The Chip Packet Project NZ comes to Northland. In the picture, left, Lou Farrell, CPPNZ founder and national coordinator Terrena Griffiths and Amber-Lyla Farrell. Photo / Michael Cunningham
Northland students are becoming part of a New Zealand project providing a "warm night's sleep" to the region's most vulnerable.
And when the mission is successful, it will help reduce waste from landfills equivalent to more than 100 million recycling years.
But the real magic here is that it allbegins with a packet of potato chips (or any foil-wrapped food item).
The Chip Packet Project New Zealand (CPPNZ) is collecting freshly-washed empty foil or chip packets to make lightweight thermal "survival sheets", pillows and ground rolls for the people in need to fight the arriving winter months.
The project, which rolled out eight months ago, has now arrived in Northland, and Founder and National Co-ordinator Terrena Griffiths say she will be coming to the region every six weeks to host "blanket parties", demonstrating how to make blankets out of chip packets.

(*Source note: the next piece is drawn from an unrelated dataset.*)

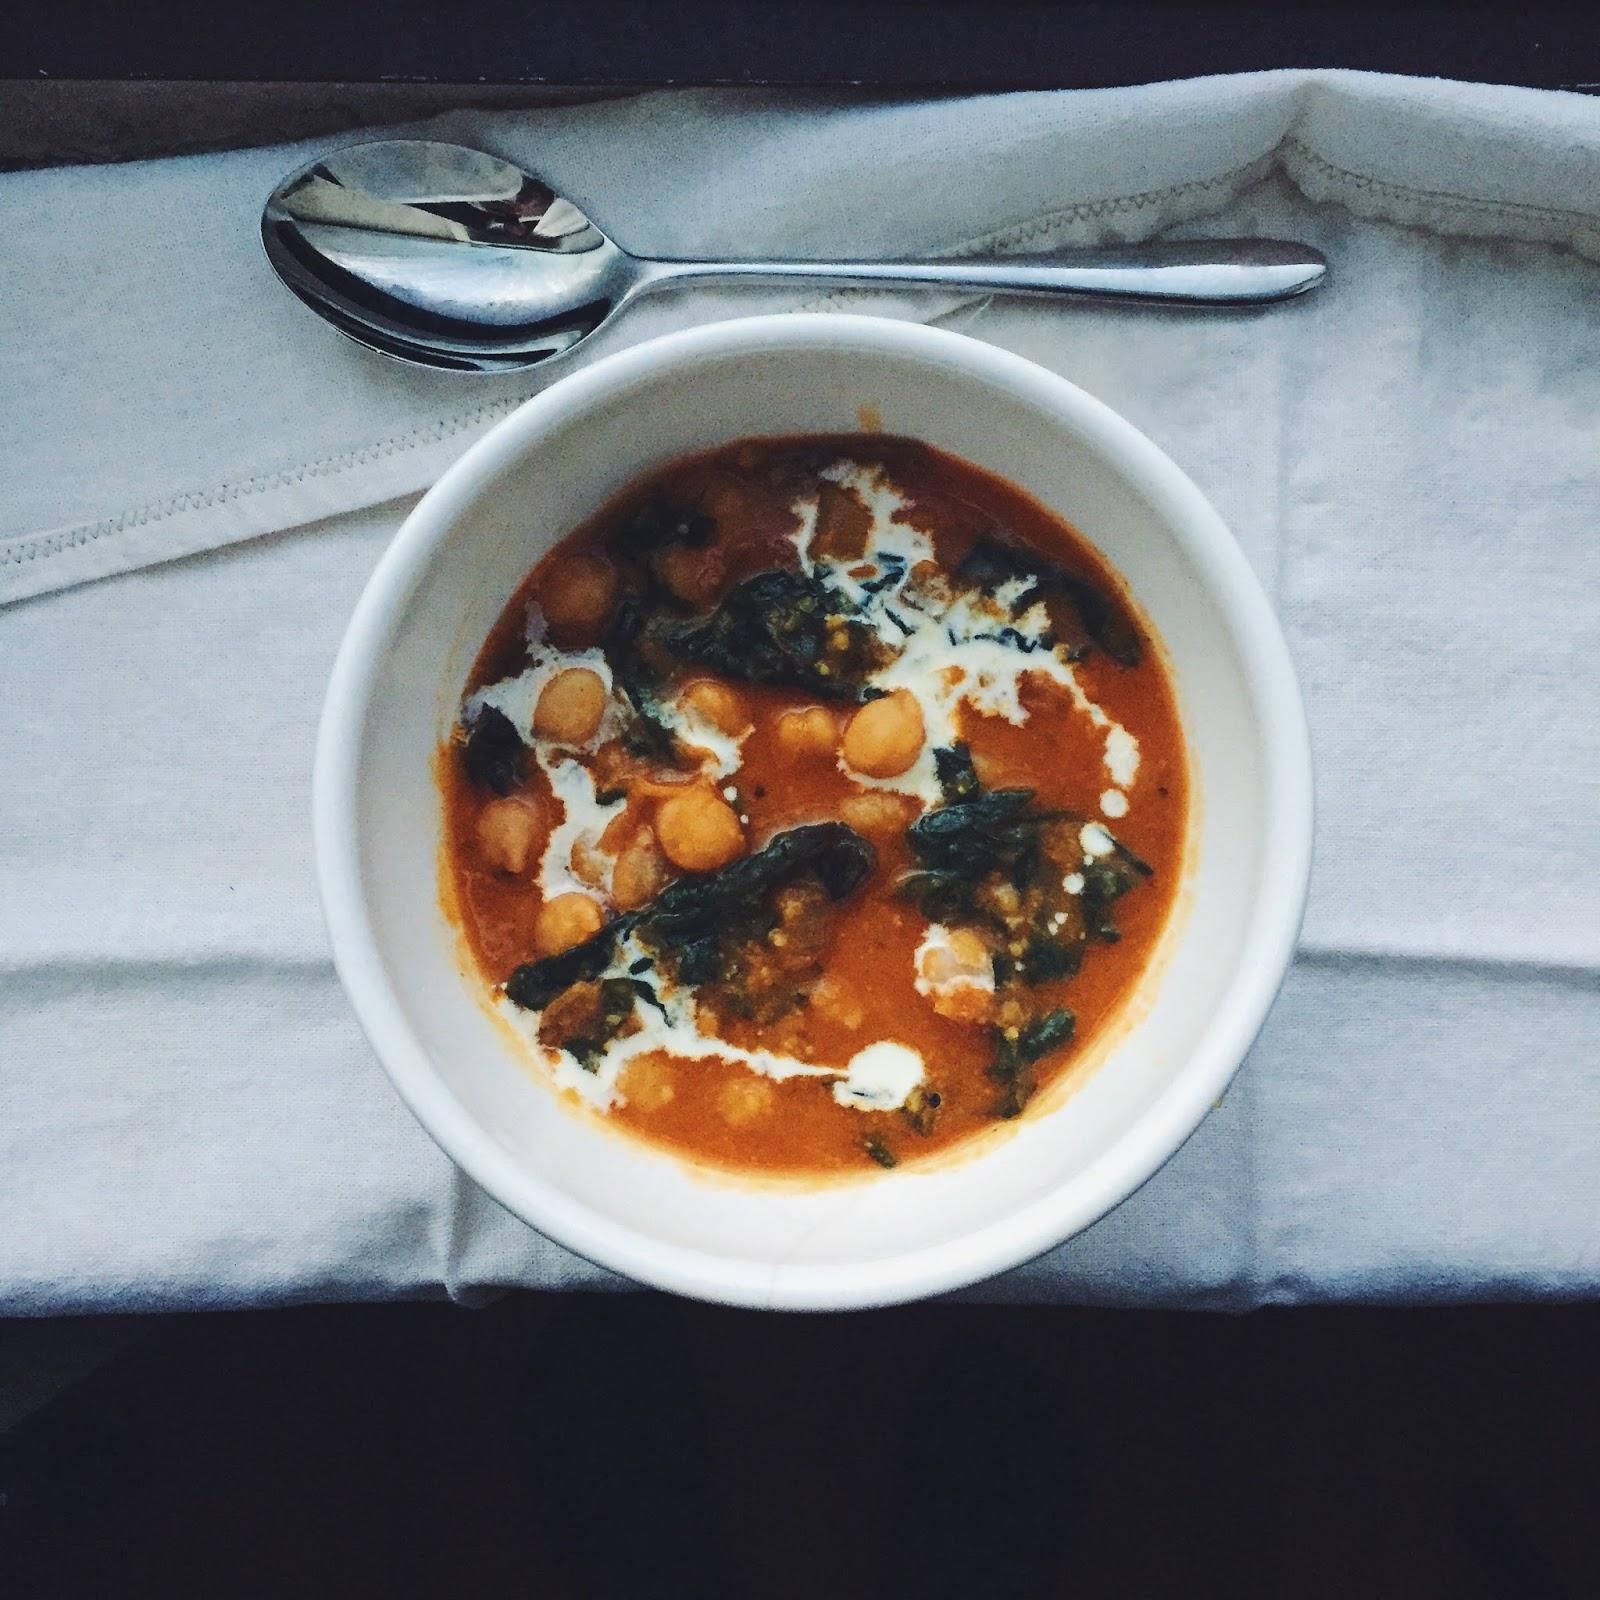 amour fou(d): chickpea stew with tomato, tumeric, yogurt ...

Griffiths conducted her first demonstration in the region at the Carruth House of Whangārei Boys' High School.
A total of 18 students, parents, and members of the public attended the workshop last Friday and ended up making eight blankets and four pillows, ready to be distributed in Whangārei.
Griffiths said children making these blankets for Kiwis throughout New Zealand sent a message that touched hearts on both sides – makers and receivers of the survival sheet.

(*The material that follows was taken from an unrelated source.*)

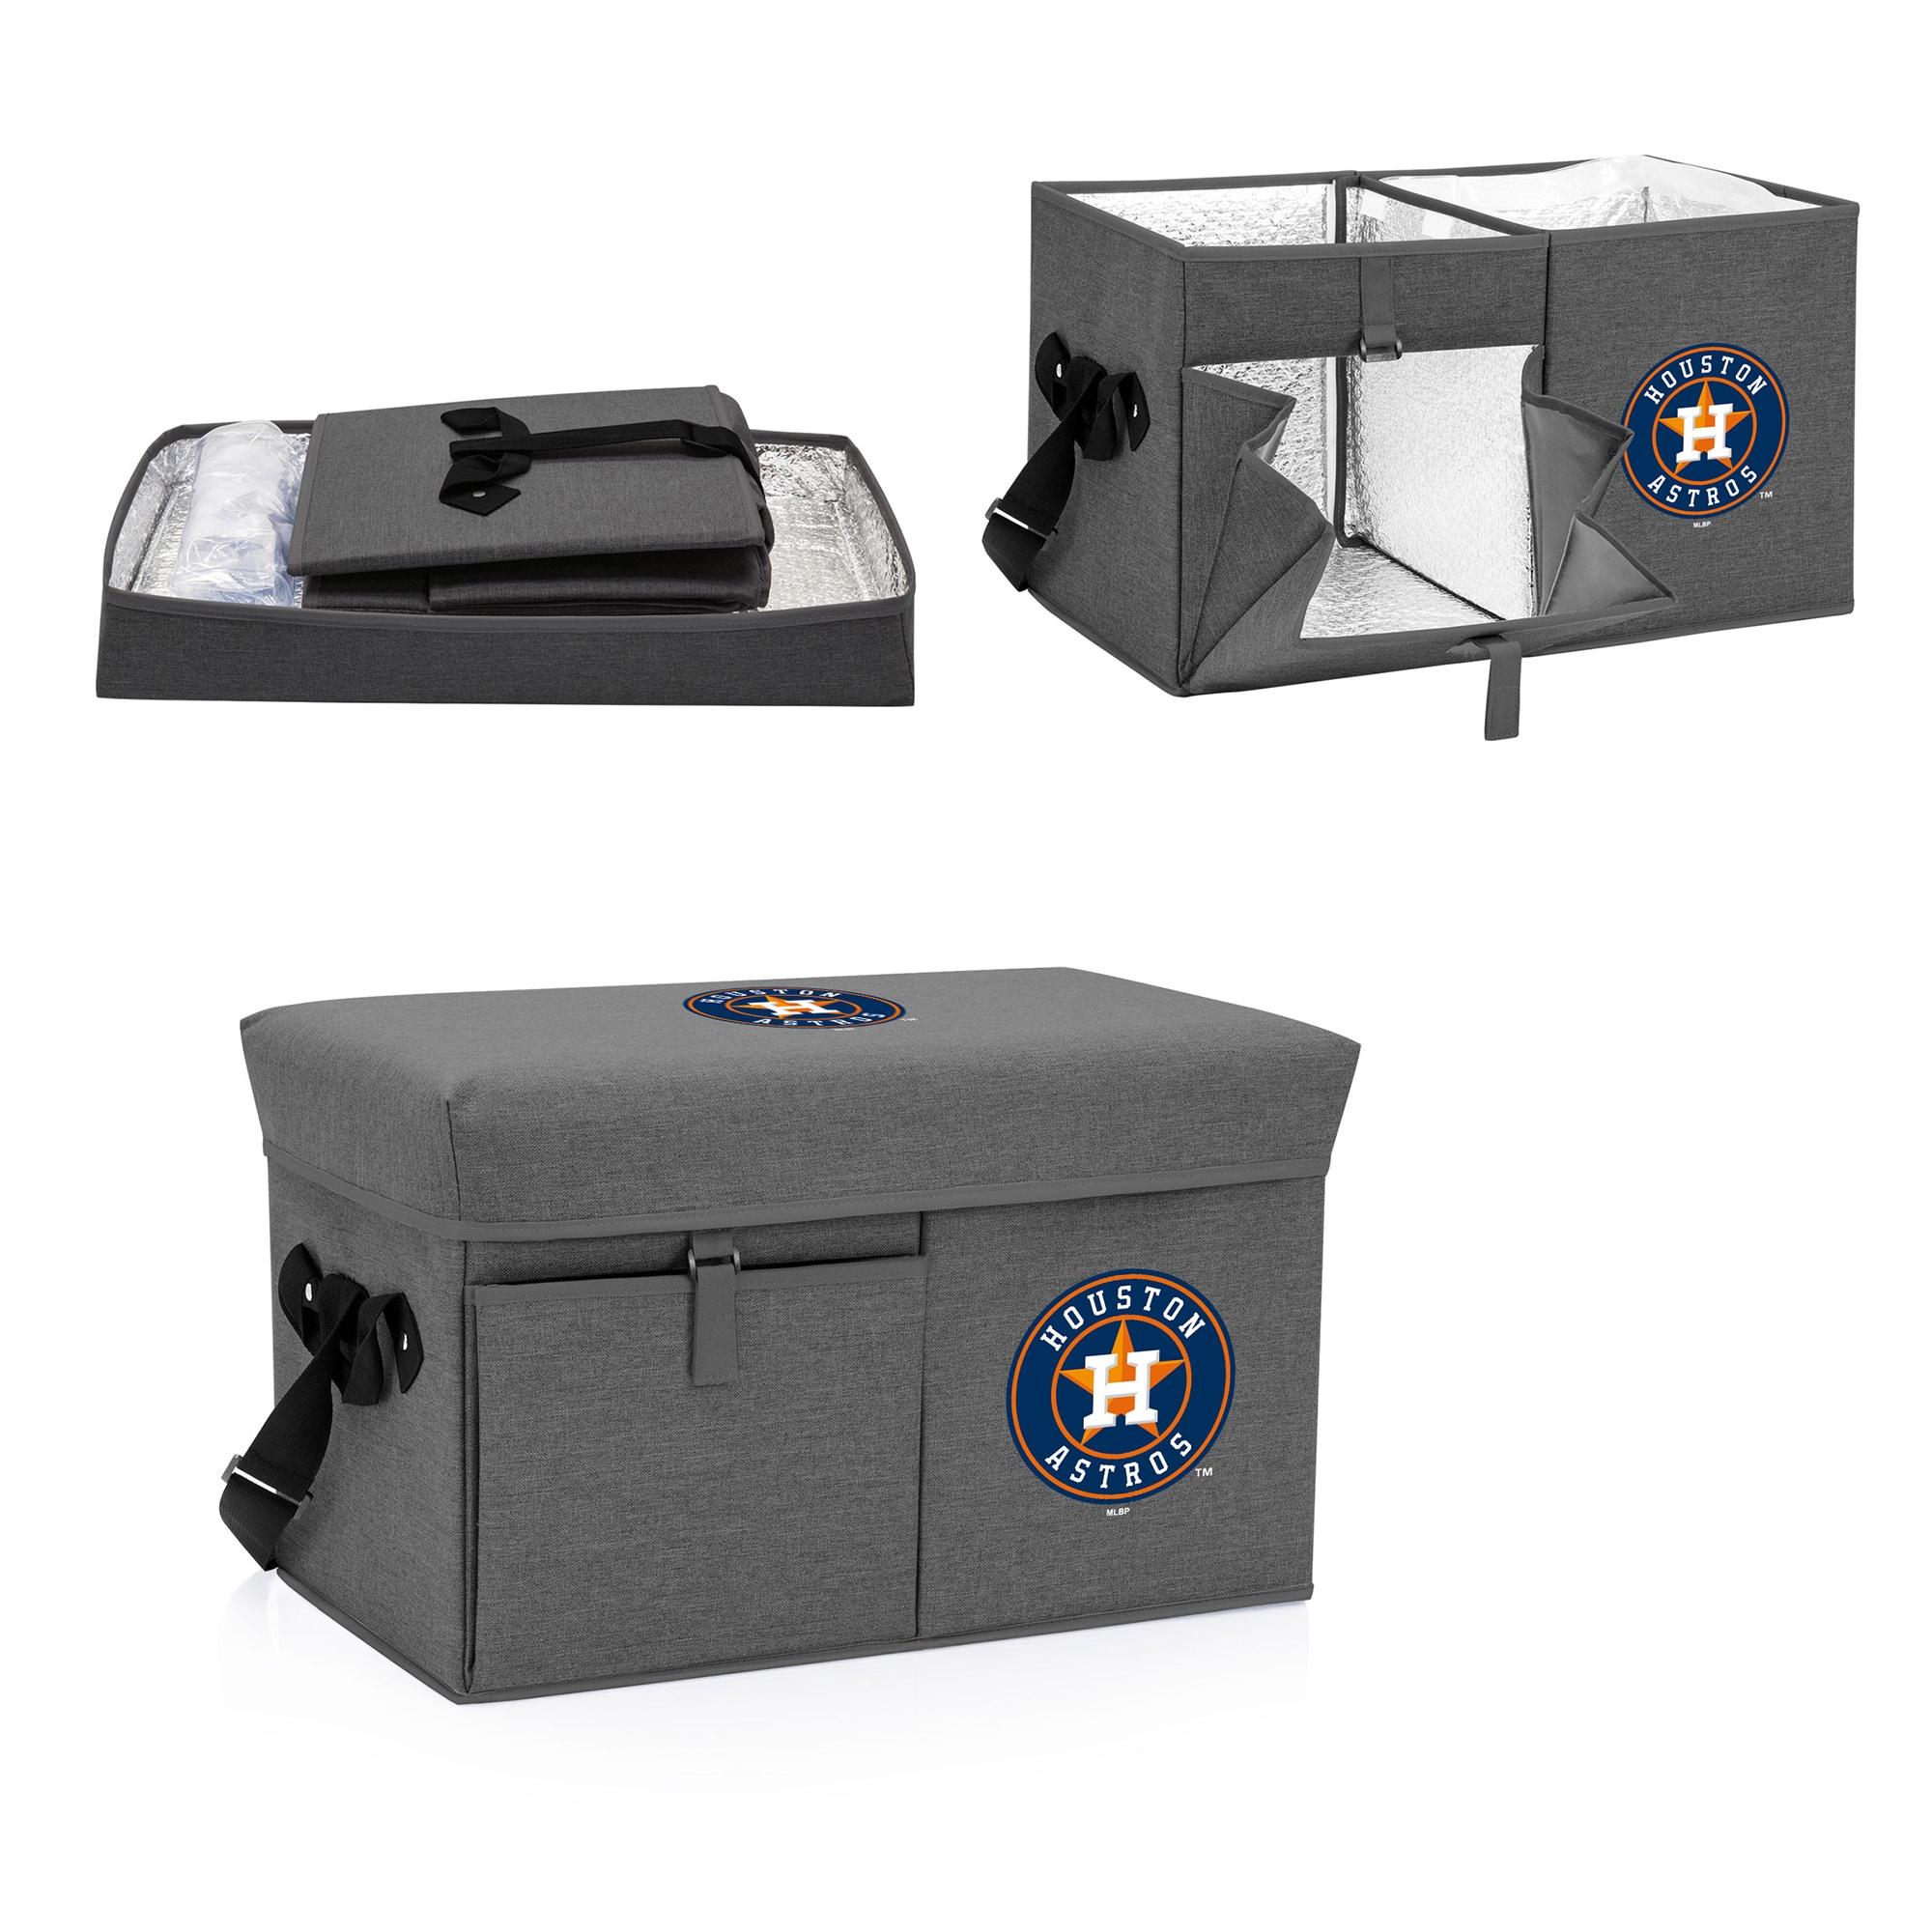 Houston Astros Ottoman Cooler & Seat - Gray

"When the students are done making these blankets, it gets handed over to social services and they send us a photo when it's donated. We forward it to the kids for them to know the end-to-end process."
While it might take roughly two to 10 minutes to finish a packet of chips, each packet would take 80 years to decompose in the landfill, Griffiths said.
Each survival sheet uses 44 chip packets, which is 3520 recycling years.
Griffiths said their team was aiming to make 30,000 blankets to be distributed across the country for this winter and people were welcome to help in any step of the process – eating chips, washing packets, dropping them off at the collection centre, or making the final product.
"We have done amazing work across New Zealand in Healthy Homes Act, but we have not given those families, already on the poverty line, an electricity discount to turn the heating on during winters.
"So there are parents struggling with money, kids are already struggling to find regular food in NZ, and while we cannot promise them a good night's sleep we can help with a warm night's sleep."
Kiwis spent around $157 million on potato chips alone in 2015.
Griffiths said this was a cultural change to rethink that foil was a reusable resource, and not soft plastic recyclable.
"It's an easy idea that makes sense and is also easy to do. This is only a drop in the bucket, but a drop in the bucket is better than no drop at all."
CPPNZ was Inspired by the 2019 UK project, Crisp Packet Project, and the blankets made in 2019 were still in circulation.
Former matron at the Carruth House, Griffiths said the students got a sense of achievement that they had done something to save the planet and also helped someone in need.
Northland's collection centres are Ruawai Primary School, 4376 State Highway 12, and Kamo Intermediate School, 10 Hailes Road, Kamo.